Yann Courtiau, David Bowie: Lector in fabula, éditions La Baconnière, 2022
Yann Courtiau, David Bowie: Lector in fabula, éditions La Baconnière, 2022
Saviez-vous que David Bowie associait la lecture à l’idée du parfait bonheur? Qu’il était un lecteur compulsif et maniaque vivant entouré de livres? Ses critiques et biographes ont exploré en long et en large de quelle manière l’artiste, au cours de sa carrière longue de cinq décennies, a puisé dans la musique, les arts plastiques, la mode, le théâtre pour incarner d’innombrables avatars et renouveler son langage. De quelle manière en retour il a profondément influencé tous ces domaines. Son portrait en lecteur restait cependant à faire. C’est ce à quoi s’emploie Yann Courtiau.
Dans le cadre de l’exposition de 2013, David Bowie is, le musicien avait donné une liste de ses cent livres préférés. Ancien disquaire devenu libraire, admirateur et profond connaisseur de Bowie, lecteur non moins obsessionnel que son sujet, l’auteur s’est plongé dans ce corpus pour repérer ce qui avait pu directement être une source d’inspiration, et à la recherche de passages semblant évoquer par anticipation certains moments d’une vie que Bowie ne cesse de réinventer.
L’adolescent qui s’appelle encore David Jones rêve d’aventure et de liberté sans limites en découvrant Sur la route de Jack Kerouac. A chaque étape de sa trajectoire, il est possible d’associer des lectures privilégiées. Isherwood et Brecht par exemple, pour les années berlinoises. Ou encore Orwell, Orange mécanique de Burgess et Les garçons sauvages de Burroughs (il emprunte aussi à ce dernier la technique du cut-up dans l’écriture de certains de ses morceaux) pour nourrir les atmosphères dystopiques de l’album Diamond dogs. Le propos de Yann Courtiau n’étant pas de se joindre au chœur des hagiographes, il ne manque pas de pointer les lectures douteuses des années messianiques, paranoïaques et droguées, marquées par la fascination pour les extra-terrestres, l’occultisme d’Aleisteir Crowley, l’esthétique nazie.
Au delà du délassement qu’elle procure, des curiosités intellectuelles qu’elle satisfait, la lecture pour Bowie correspond aussi à un art de vivre. On découvre ainsi un lecteur esthète, un lecteur flâneur, un dandy baudelairien aspirant «à être sublime sans interruption», délaissant les avions pour privilégier la lenteur des voyages en train ou en paquebot en emportant des caisses de livres.

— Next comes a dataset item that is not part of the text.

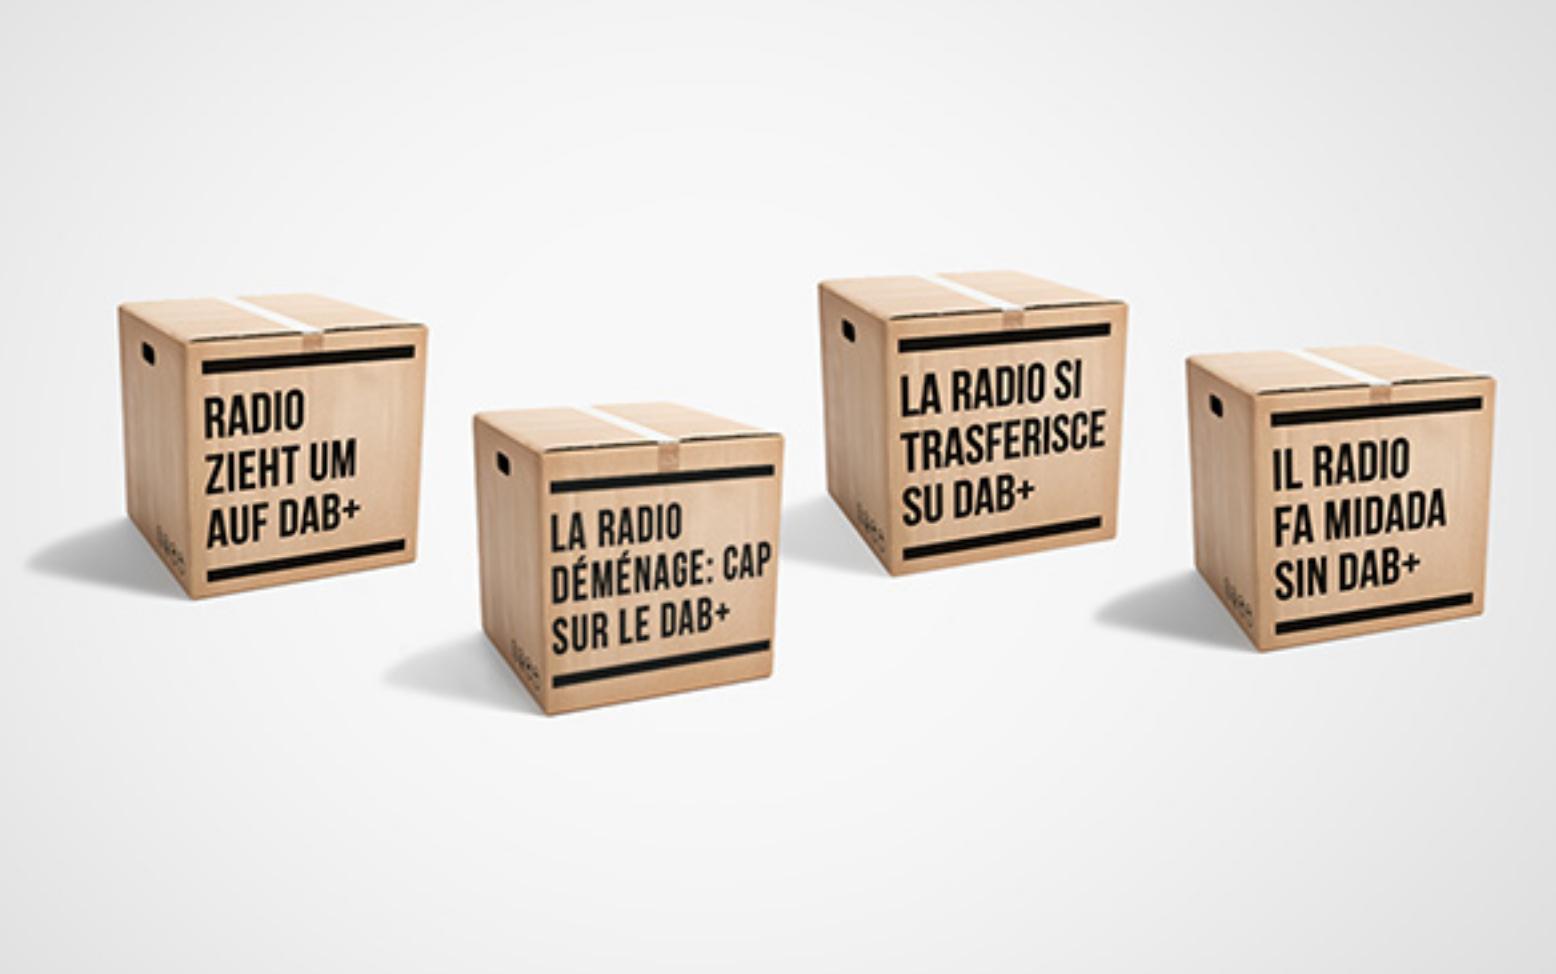 La ComCom lance un appel d'offres pour un nouveau réseau DAB+ en Suisse romande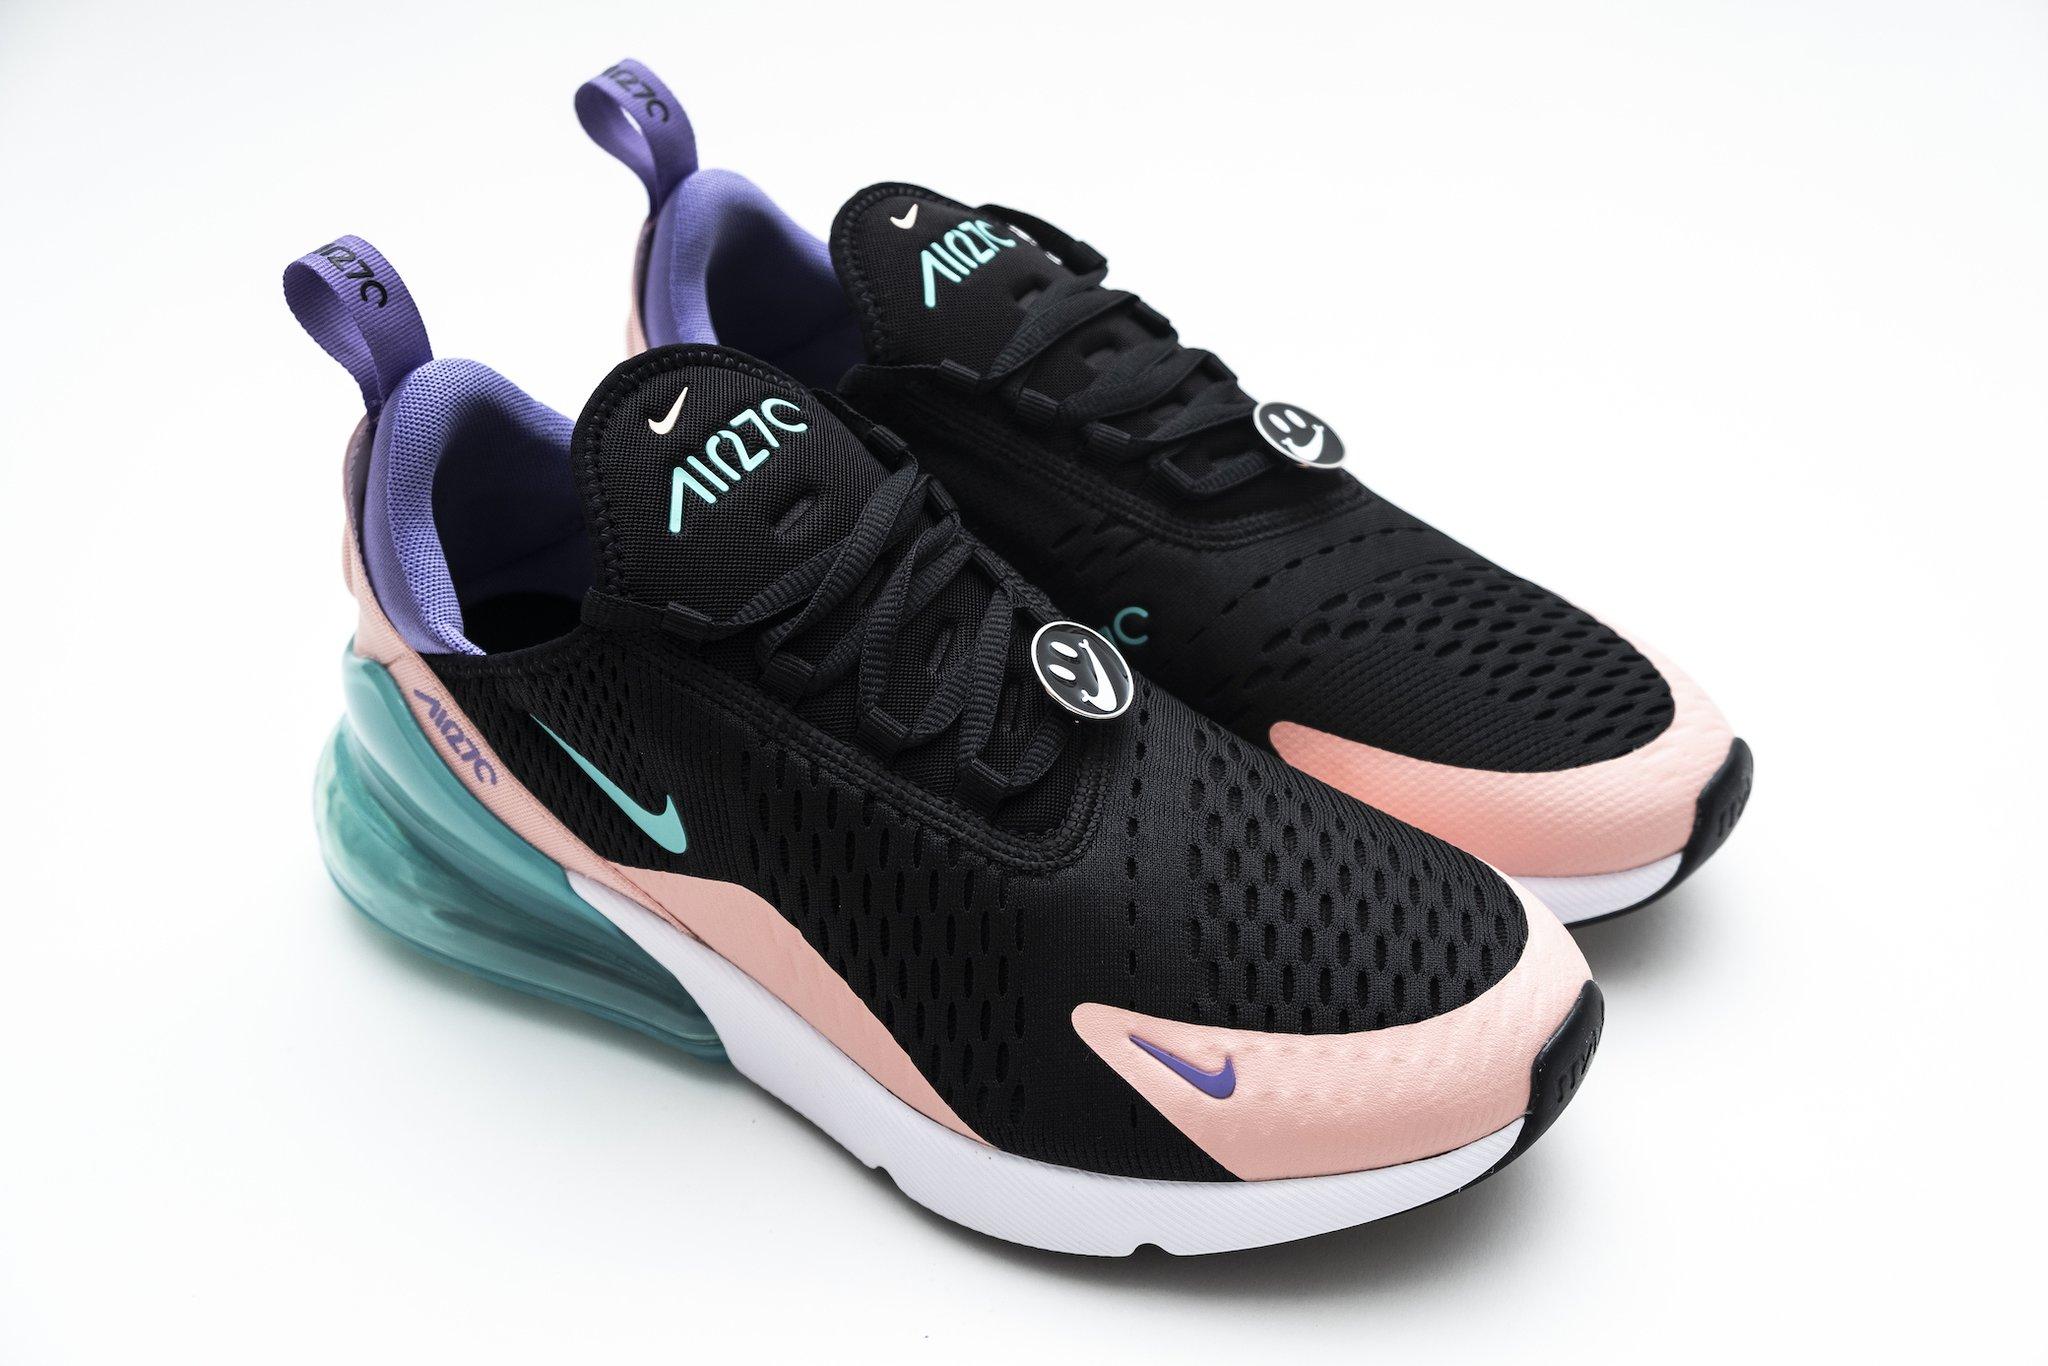 a086491e2d On Sale: Nike Air Max 270

Yann Courtiau a le mérite et l’originalité de ne pas se focaliser uniquement sur les années 1970, aussi créatives et géniales qu’elles furent excessives et autodestructrices. Mais de suivre pas à pas et avec un souci d’objectivité la trajectoire et les lectures de Bowie, sans oublier années les années 1980, peu inspirées mais couronnées par le succès commercial, pour en arriver au créateur mûr, apaisé et plus discret des années 2000.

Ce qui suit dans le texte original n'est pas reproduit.